In October 2013, a group of Silicon Valley investors purchased Stirling Club for $10.9 million, far less than the $44 million it cost to build it in 2002.

However, the neighborhood around Turnberry Place — across the street from Westgate — is headed toward revitalization. Coming in the next few years is the Las Vegas Convention Center to the old Riviera site, Steve Wynn’s Paradise Park project at Wynn Las Vegas/Encore and Resorts World Las Vegas.

That’s a lot of discretionary income returning to the Turnberry Place radius. And, despite being closed and lacking regular activity, Stirling Club has been consistently maintained.
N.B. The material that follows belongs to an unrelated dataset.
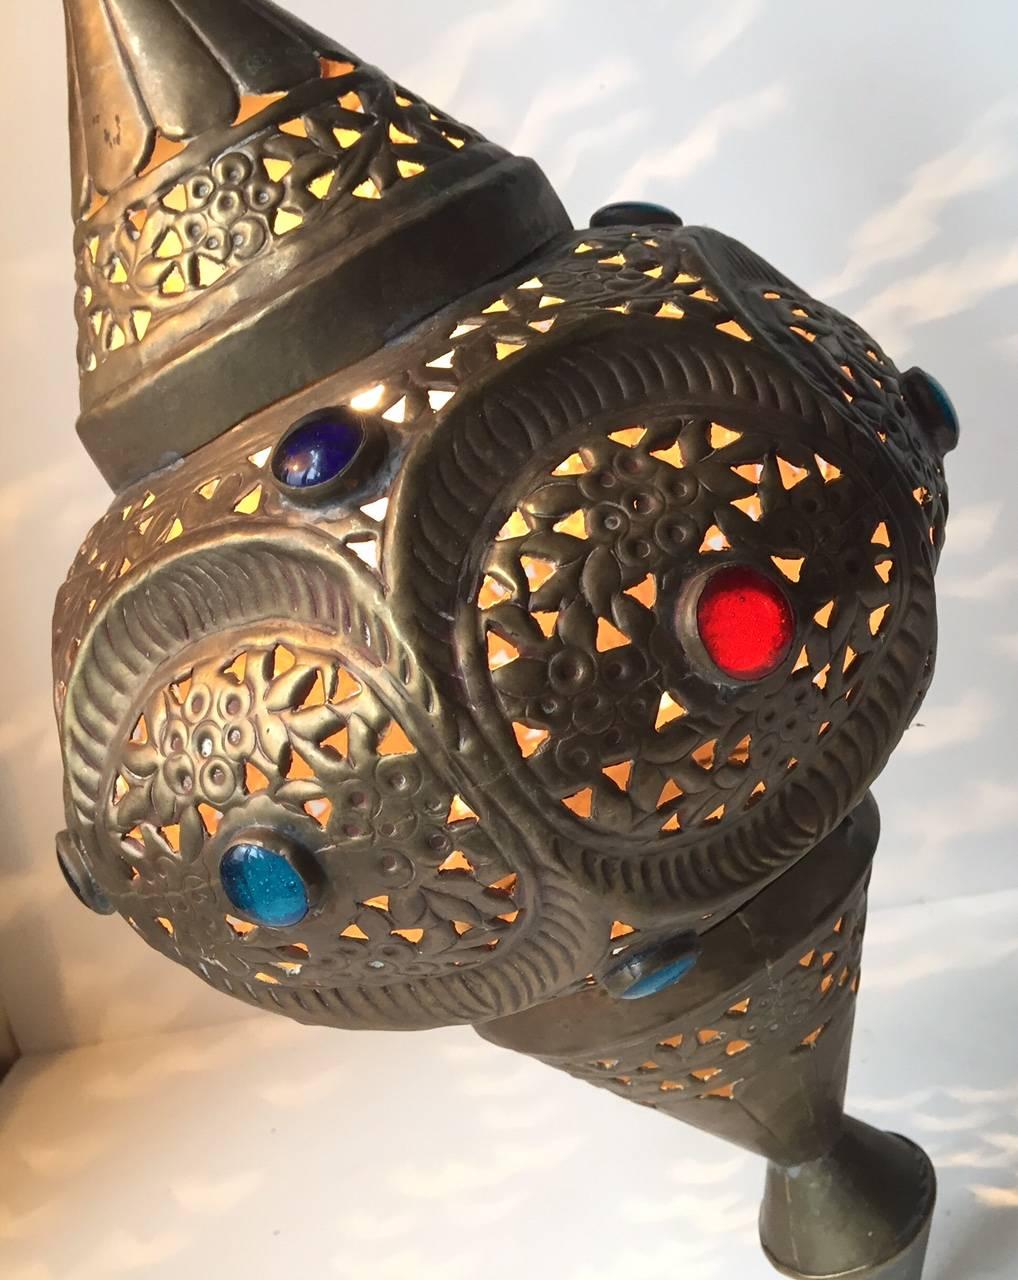 Beautifully handcrafted Moroccan hanging lamp finely chiselled and bejeweled by Moroccan artisans in Marrakech. When lid this light creates small fire-flies that inhabit the surrounding surfaces.

The current owners have spent hundreds of thousands of dollars in upkeep.

The listing brokers for the sale of the property are CNR Retail Advisors (Chris Clifford, Steven Neiger, and Brett Rather) of Colliers International.

“The property has never been mothballed,” said Neiger, who led a tour of the Stirling Club this month to verify that claim. “It could be open tomorrow in the condition it’s in.” The clay tennis courts would need to be resurfaced, having been exposed to Vegas sunlight for five years, but the Stirling Club seems in as good a shape as it was when it was shut down in 2012.

Who would buy the Stirling Club is the magic question. Neiger says he has offered tours only to potential buyers who have the finances to make a serious bid. Reopening Stirling Club as private club with a “public option” for membership could happen.

During our tour of the club, Neiger and I entered the lounge, dark and silent but spruced up as if for a party. If you listened closely, you could hear Kelly and Ronnie belting out Donna Summer’s “Last Dance,” the song that closed Stirling Club on May 18, 2012.

People who remember the Stirling Club’s gladder days hope it wasn’t.